One particular use of the SVD is for data compression. The following code will read the file Mountain.jpg into MATLAB and convert it to a rectangular matrix of values.

A = imread('Mountain.jpg');
A = A(:,:,1);
A = im2double(A);
imshow(A)

Once the matrix is in MATLAB do the following. In this we assume that \(A\) is an \(m \times n\) matrix.

1. Find the SVD of the image (remember the semicolons!!!!!!). This will take over a minute with our code so be patient. Once it is done check that your SVD code does a decent approximation of the original image.

   = MySVD(A);
   error = norm(A - U*S*V')
   

2. Get the singular values out of \(\Sigma\) and find the largest \(P\)% of the singular values. Let's say that this is \(N\) values. Create four new matrices \(U_{new}\), \(\Sigma_{new}\), \(V_{new}\), and \(A_{new}\) in the following way.

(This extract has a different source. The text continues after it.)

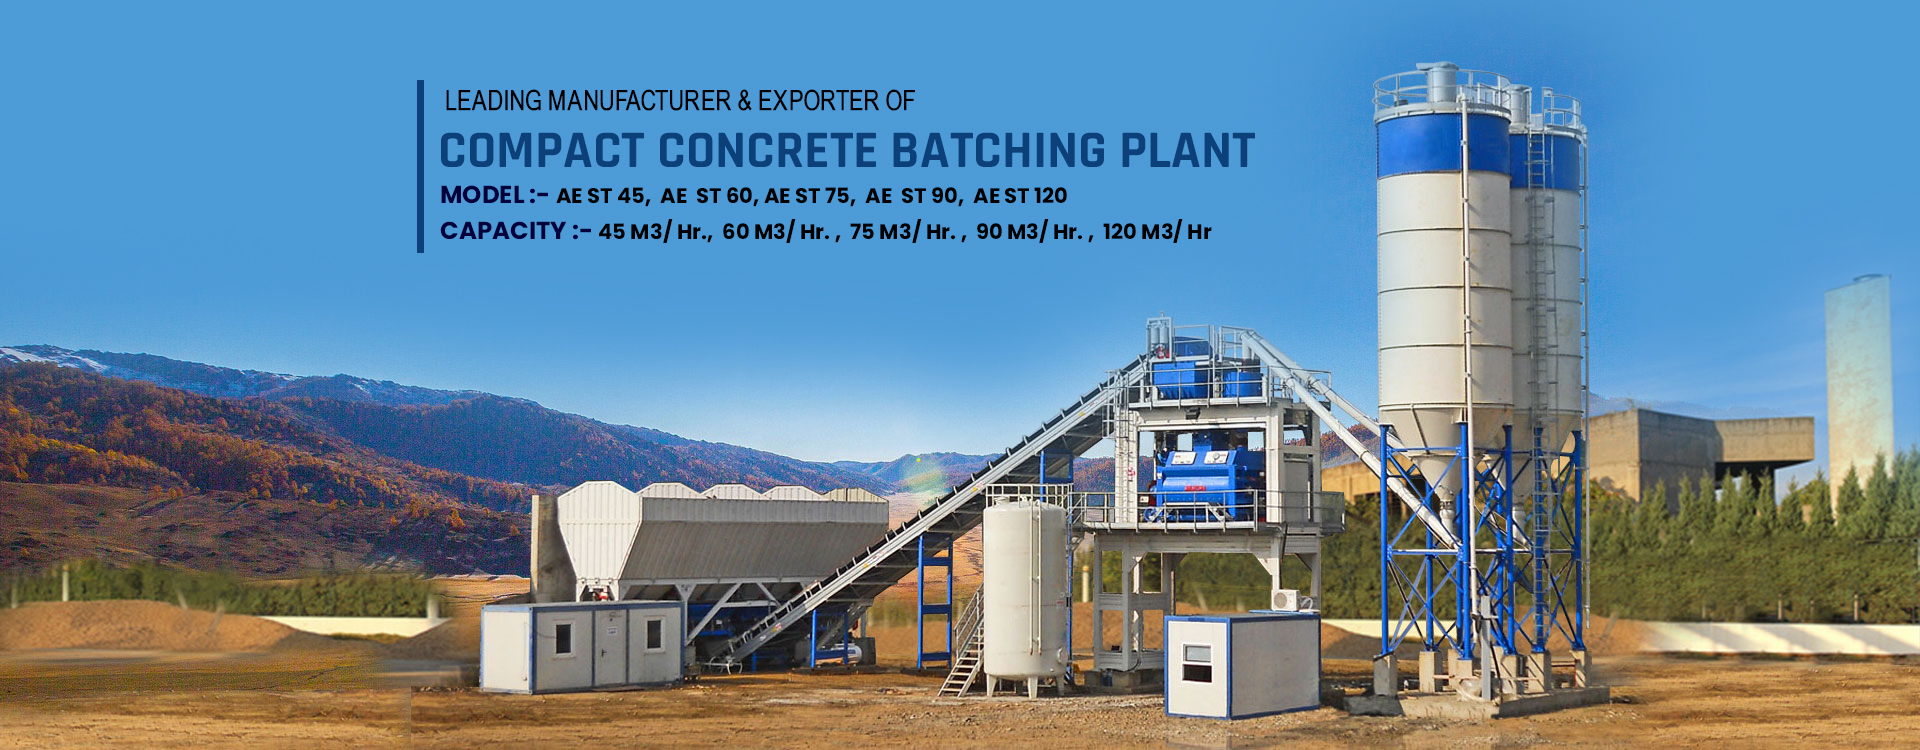 Compact Concrete Batching Plant Exporter & Manufacturer in Tunisa

   1. \(U_{new}\) is \(m \times N\) and contains only the first \(N\) columns of \(U\).

   2. \(\Sigma_{new}\) is \(N \times N\) and contains only the top \(P\)% of the singular values of \(A\).

   3. \(V_{new}\) is \(n \times N\) and contains the first \(N\) columns of \(V\).

   4. \(A_{new}\) is \(m \times n\) and is formed by \(U_{new} \Sigma_{new} V_{new}^T\).

3. Show the newly compressed image with imshow(Anew)

4. Compute the storage savings with the following code:

   StorageOld = prod(size(U))+prod(size(S))+prod(size(V))
   StorageNew = prod(size(Unew))+prod(size(Snew))+prod(size(Vnew))
   PercentStorage = StorageNew / StorageOld
   

5. Your code should be written in such a way that you can change \(P\) and see the new image that results (without having to wait for the SVD code every time). Make both qualitative and quantitative decisions about what percent of the singular values to save in order to keep an image that is close enough to the original image.